Always an affable, clubbable figure – the author John Robb once noted that the Stone Roses’ aloofness towards the media was always broken if Mani “became more relaxed” – he took the stage at the Stone Roses’ 2012 reunion concert at Manchester’s Heaton Park playing a personalised bass that bore the legend “Super-Yob”, the nickname of Slade’s outrageously styled and permanently grinning guitarist Dave Hill. Said reunion failed to translate into anything more than a lengthy series of extremely lucrative gigs – a couple of fresh singles released by the reformed four-piece served only to prove that any spark had been present in 1989 had turned out unattainable to recapture nearly two decades on – and Mani discreetly announced his departure from music in 2021. He’d made his money and was now focused on fly-fishing, which additionally provided “a good excuse to go to the pub”.
Maybe he felt he’d achieved plenty: he’d certainly left a mark.
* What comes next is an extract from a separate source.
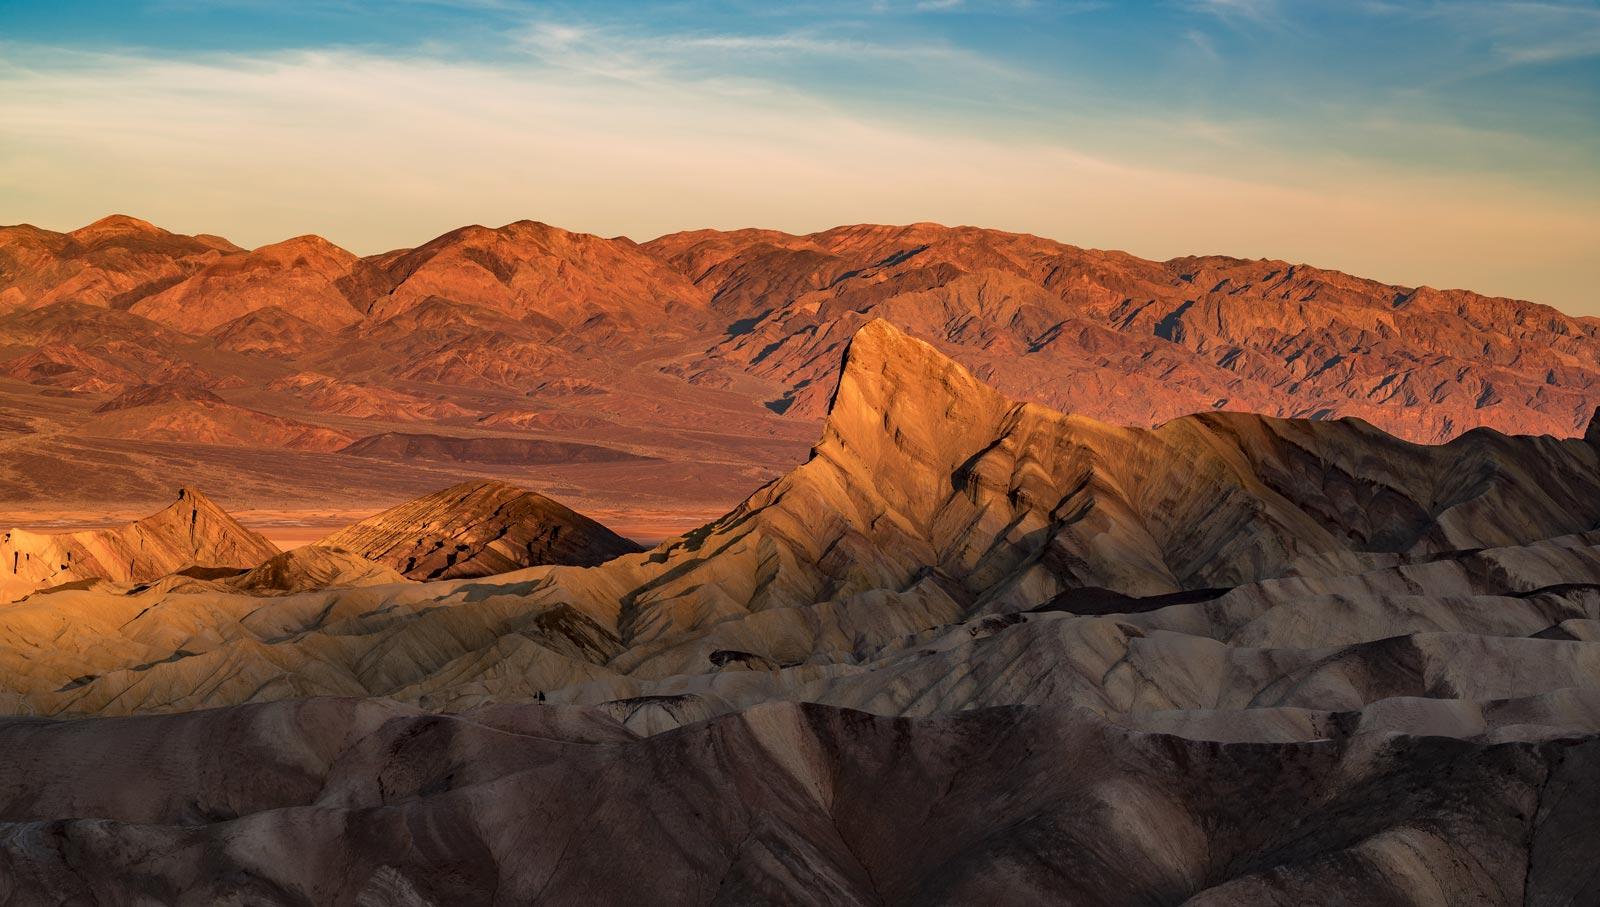 zabriskie point sunrise death valley national park california

The Stone Roses were influential in a variety of ways. Oasis certainly observed their confident approach, while Britpop as a whole was shaped by a desire to transcend the usual market limitations of alternative music and attract a more mainstream audience, as the Roses had achieved. But their most obvious direct influence was a kind of rhythmic change: in the wake of their early success, you abruptly encountered many indie bands who aimed to make their audiences move. That was Mani’s artistic raison d’être. “It’s what the rhythm section are for, aren’t they?” he once averred. “That’s what they’re for.”